April 10


TEXAS:

Condemned man in Dallas County case loses federal appeal


A Dallas-area man sent to death row for the robbery-slaying of his former
girlfriend 9 years ago has lost an appeal of his conviction.

The rejection by the 5th U.S. Circuit Court of Appeals in New Orleans
moves Robert Jean Hudson closer to his execution. He argued that his trial
lawyer was ineffective, the Dallas County sheriff's department had
forcibly medicated him during his capital murder trial, and a lower
appeals court improperly followed the law when it denied him a hearing.

The Irving man was convicted of the May 1999 fatal stabbing of 35-year-old
Edith Kendrick at her apartment in Mesquite. The attack also left her
8-year-old son severely stabbed.

Hudson still could appeal to the U.S. Supreme Court. The justices have
effectively stopped all executions while it considers whether lethal
injection procedures like those used in Texas are constitutionally proper.
Hudson hasn't had an execution date set.

(source: Associated Press)

*********************

Rodriguez set for another step toward death row


9 days after a Randall County jury sentenced Rosendo Rodriguez III to
death, Judge Jim Bob Darnell will formally sentence him today in the 140th
District Court.

Rodriguez was convicted last month of capital murder for the rape and
murder of Summer Baldwin and the death of her unborn son in 2005.

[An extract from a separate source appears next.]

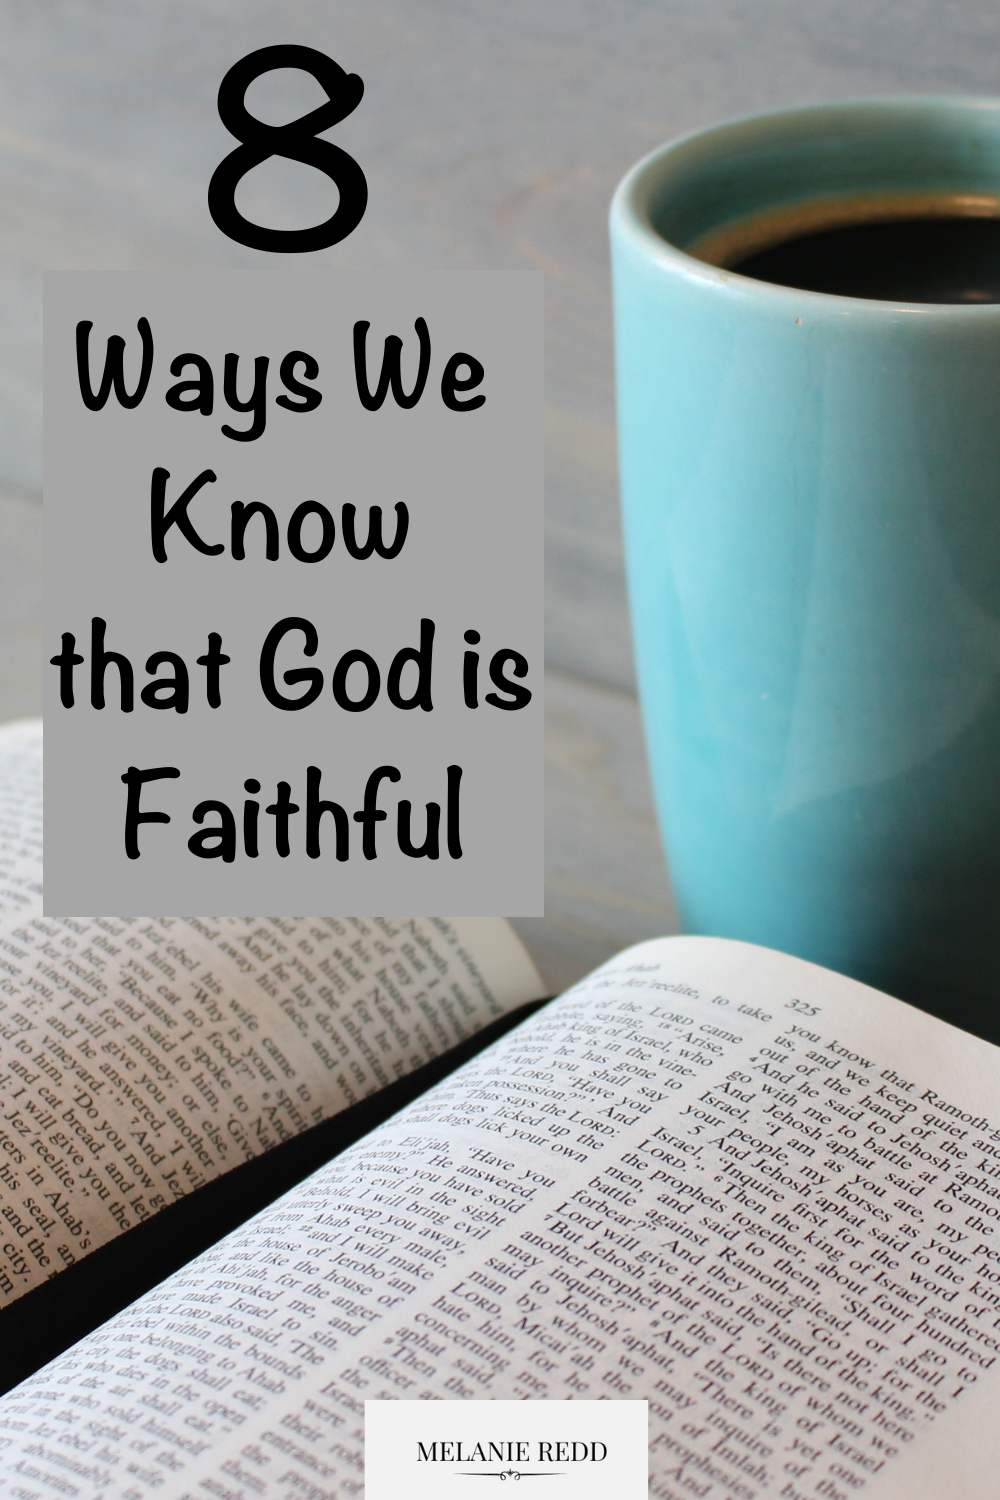 Most of us have known about it since we were small children. We've heard about the faithfulness of God in church and Sunday school. But, how do we know it's true? Here are 8 ways we know that God is faithful. Why not drop by to read them? #godisfaithful #faithfulnessofgod #hope

Rodriguez killed Baldwin in a Lubbock hotel room after having sex with the
29-year-old.

He then stuffed her in a suitcase, threw her in a Dumpster and ate a
couple of fast-food value meals.

After convicting him, jurors learned during the punishment phase of the
trial of Rodriguez's history of rape and violence.

5 women, including his high-school girlfriend, testified he had raped
them.

The girlfriend said he also became violent at times, once dragging her
from a lake house through the gravel to a parked car.

The gruesome trial lasted almost a week and a half, culminating in
Rodriguez's death sentence and the jury finding out that he also confessed
to killing Joanna Rogers, a Lubbock teen who went missing in 2004.

Today Darnell will read the judgment and Rodriguez will be fingerprinted.

(source: Avalanche-Journal)






CALIFORNIA:

Jury orders death penalty for handyman


Paul Wesley Baker had been convicted of sexually assaulting and killing a
grandmother and dumping her body near Palm Springs. 'He is a monster,'
says the lead detective in the case.

A Van Nuys jury Wednesday ordered the death penalty for a handyman
convicted of sexually assaulting 3 women, including a grandmother whom he
killed and whose body he dumped in a desolate area of Palm Springs.

The decision comes less than a week after Paul Wesley Baker, 47, disrupted
the death penalty portion of his trial when he smeared his feces over his
face and had to be temporarily removed from the courtroom, authorities
said.

Deputy Dist. Atty. Gretchen Ford said the disturbance Friday was a failed
attempt to influence the jury. Ford said she was telling jurors about the
murder victim and several were crying when Baker acted out.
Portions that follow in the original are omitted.